(Recorded information)

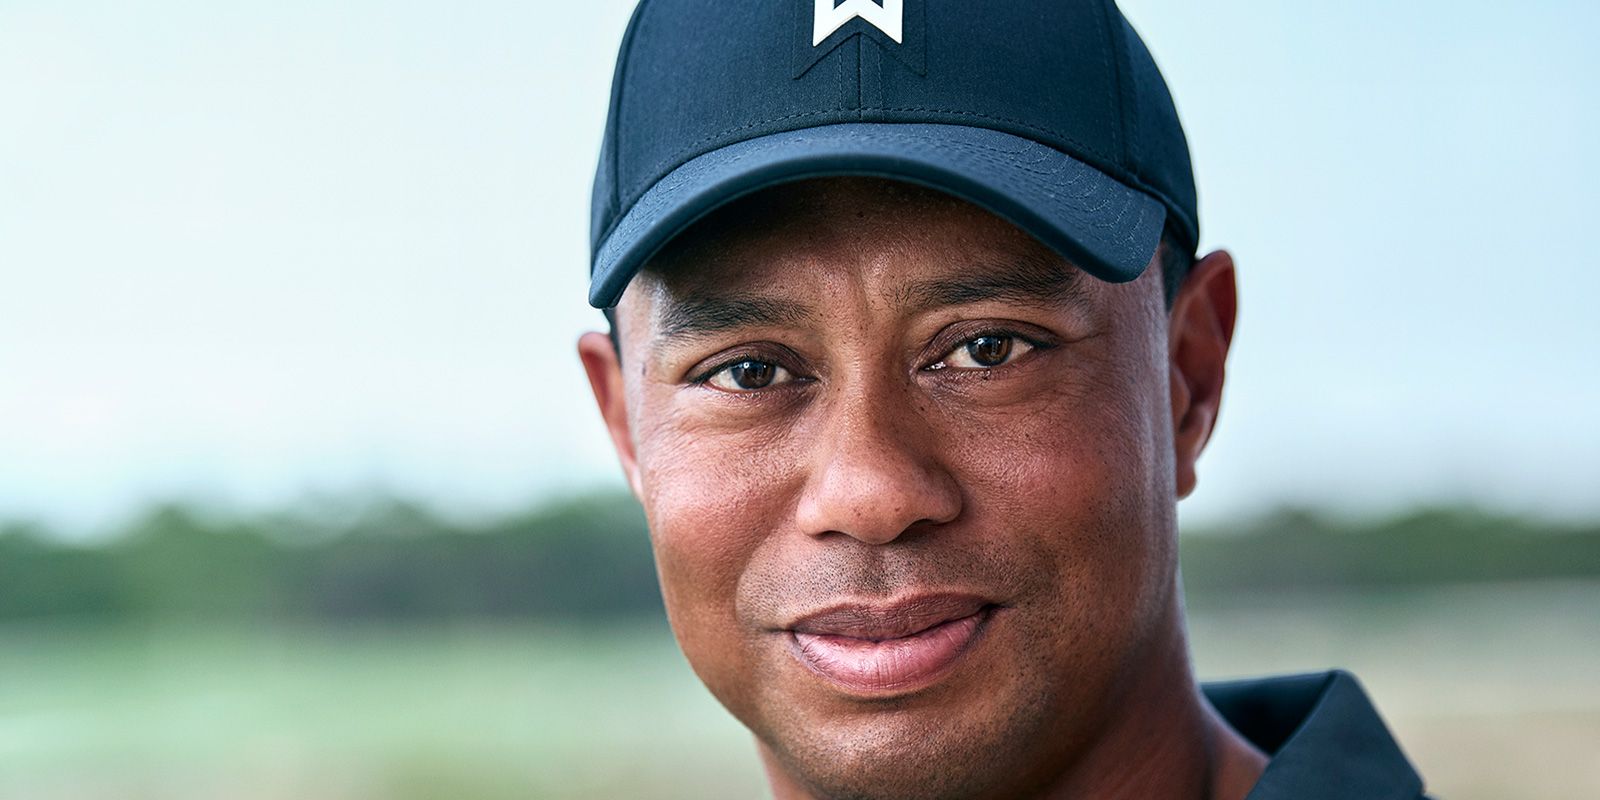 Tiger is set to return to the Masters, and a new generation of fans will be watching
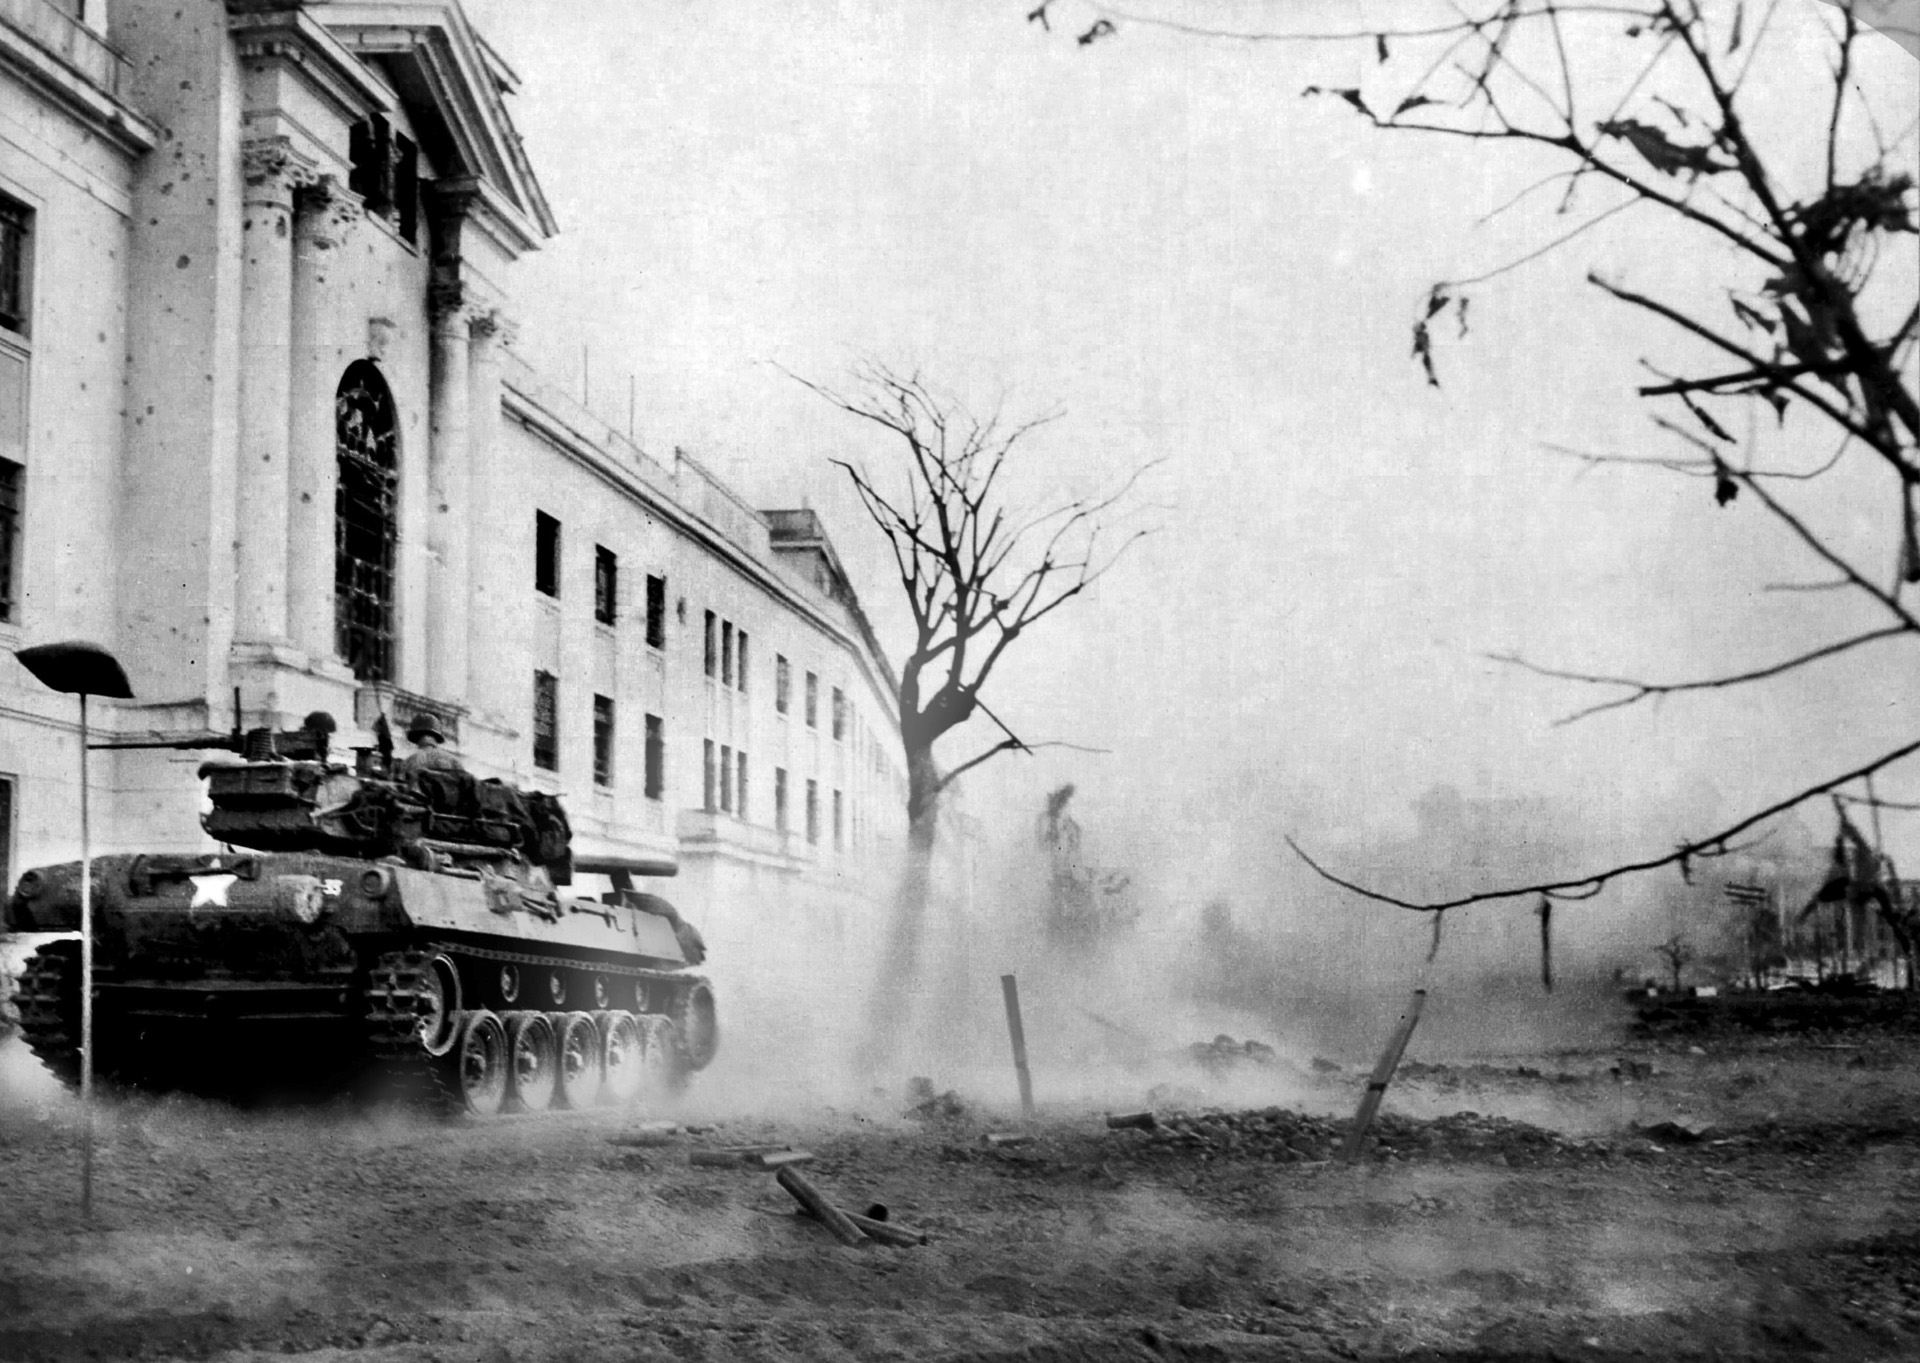 Fighting erupted in Manila itself as the Americans fought their way into the city. In this photo, an American tank destroyer engages Japanese forces near the Filipino legislature building. 
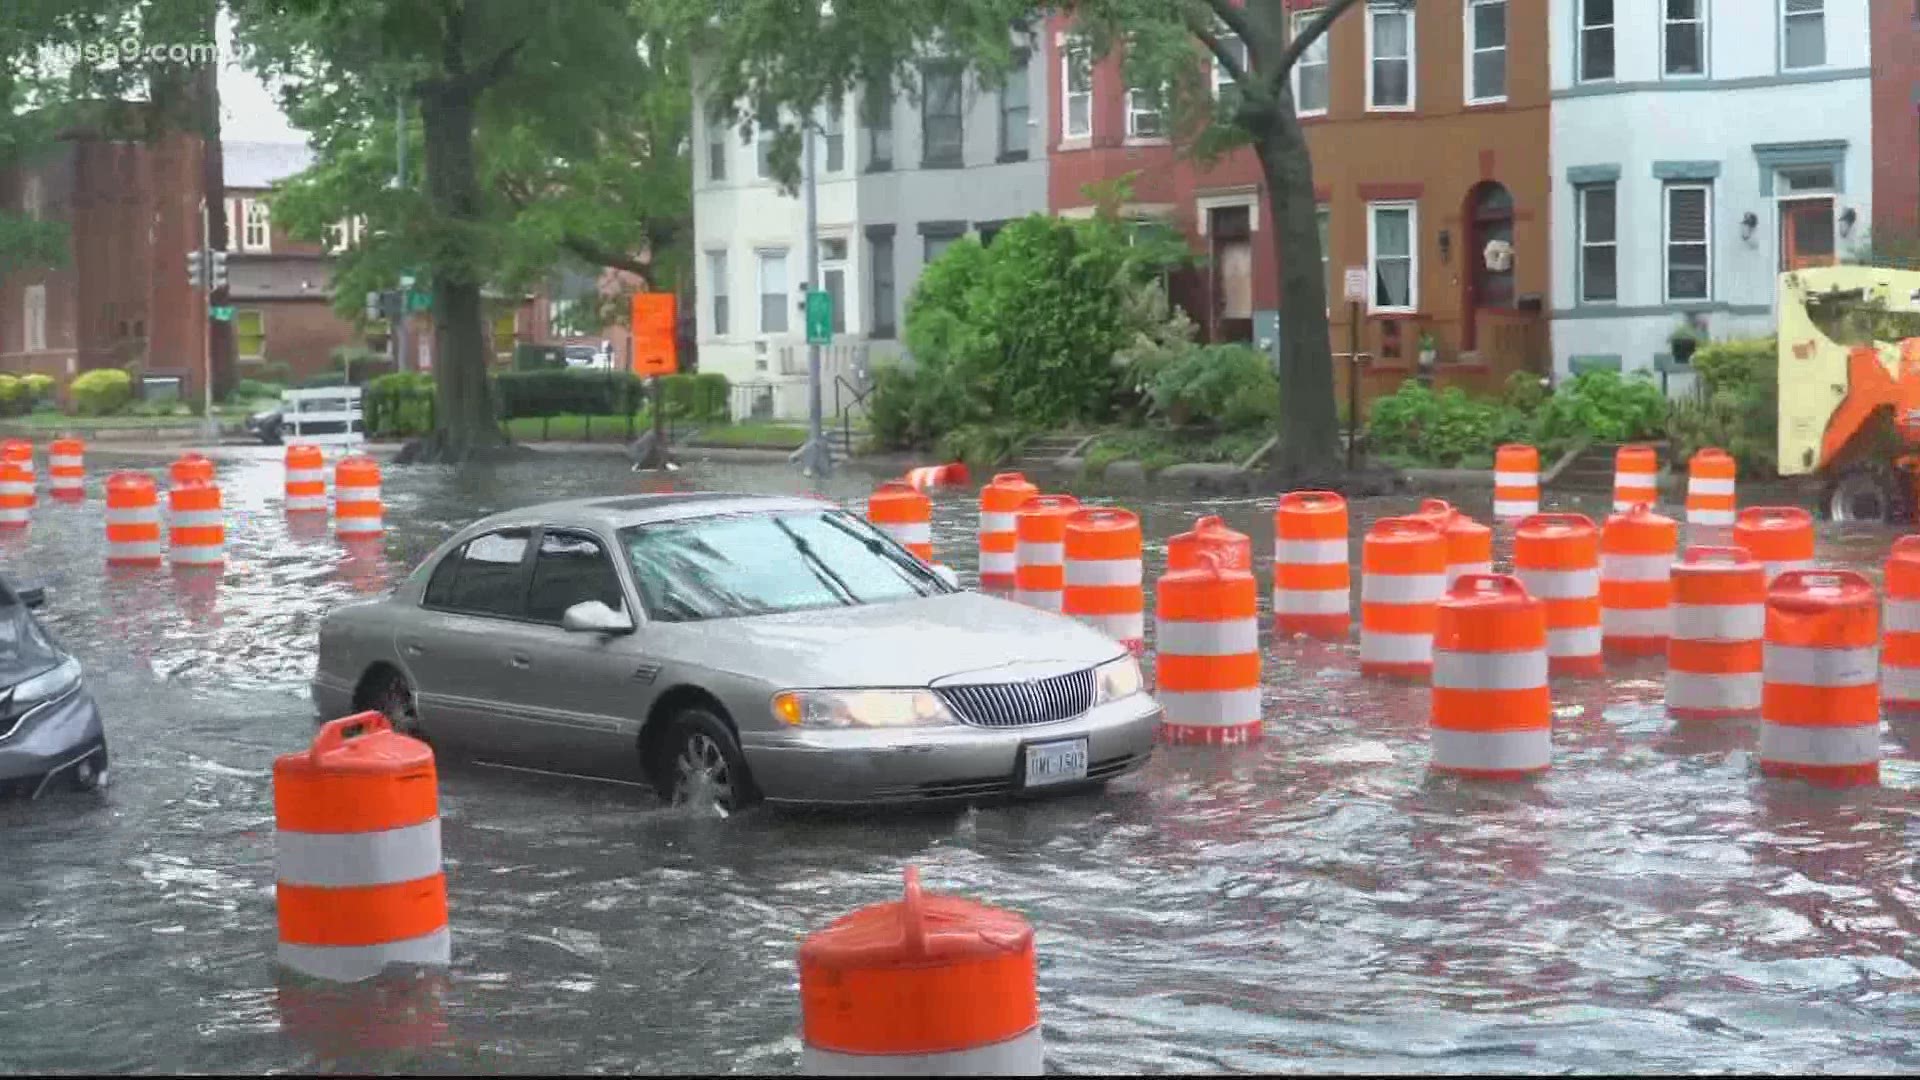 One car was seen reversing his car down Rhode Island Avenue after attempting to unsuccessfully trying to drive through 3-4 feet of flash flood waters.

(End Recorded information)

◆ Work order
From the first line to the last, transcribe the listing exactly; skip the pictures.

◆ Output below
 Tiger is set to return to the Masters, and a new generation of fans will be watching
 Fighting erupted in Manila itself as the Americans fought their way into the city. In this photo, an American tank destroyer engages Japanese forces near the Filipino legislature building. 
 One car was seen reversing his car down Rhode Island Avenue after attempting to unsuccessfully trying to drive through 3-4 feet of flash flood waters.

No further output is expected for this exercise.